WHAT YOU WILL DO: Establish the number of lines below that contain the string "Gold". State that number alone.

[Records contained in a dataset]
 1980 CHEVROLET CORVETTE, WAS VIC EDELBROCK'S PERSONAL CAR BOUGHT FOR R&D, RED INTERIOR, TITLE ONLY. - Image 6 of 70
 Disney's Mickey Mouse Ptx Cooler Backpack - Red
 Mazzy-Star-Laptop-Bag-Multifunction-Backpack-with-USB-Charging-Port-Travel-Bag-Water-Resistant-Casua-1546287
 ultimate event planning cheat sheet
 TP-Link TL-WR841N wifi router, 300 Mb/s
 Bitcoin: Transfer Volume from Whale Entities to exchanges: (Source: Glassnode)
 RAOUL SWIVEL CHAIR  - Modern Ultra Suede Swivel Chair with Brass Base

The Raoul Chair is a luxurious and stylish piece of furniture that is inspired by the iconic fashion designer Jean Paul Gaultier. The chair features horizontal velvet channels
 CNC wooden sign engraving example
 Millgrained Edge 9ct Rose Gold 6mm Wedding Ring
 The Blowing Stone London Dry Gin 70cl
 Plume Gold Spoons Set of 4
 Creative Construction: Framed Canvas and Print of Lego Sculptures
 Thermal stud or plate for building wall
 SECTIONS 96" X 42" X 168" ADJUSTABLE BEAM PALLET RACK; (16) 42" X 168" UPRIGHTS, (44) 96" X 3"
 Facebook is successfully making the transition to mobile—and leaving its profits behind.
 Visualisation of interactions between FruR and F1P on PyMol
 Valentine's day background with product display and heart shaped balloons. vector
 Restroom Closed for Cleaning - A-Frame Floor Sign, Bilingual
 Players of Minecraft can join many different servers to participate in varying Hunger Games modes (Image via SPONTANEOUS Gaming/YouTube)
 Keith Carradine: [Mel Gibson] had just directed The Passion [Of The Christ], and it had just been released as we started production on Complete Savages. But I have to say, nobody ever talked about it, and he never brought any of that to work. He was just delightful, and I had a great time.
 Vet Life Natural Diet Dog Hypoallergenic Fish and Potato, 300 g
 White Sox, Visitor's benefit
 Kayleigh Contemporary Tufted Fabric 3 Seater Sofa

SOLUTION TO THIS PROBLEM: 2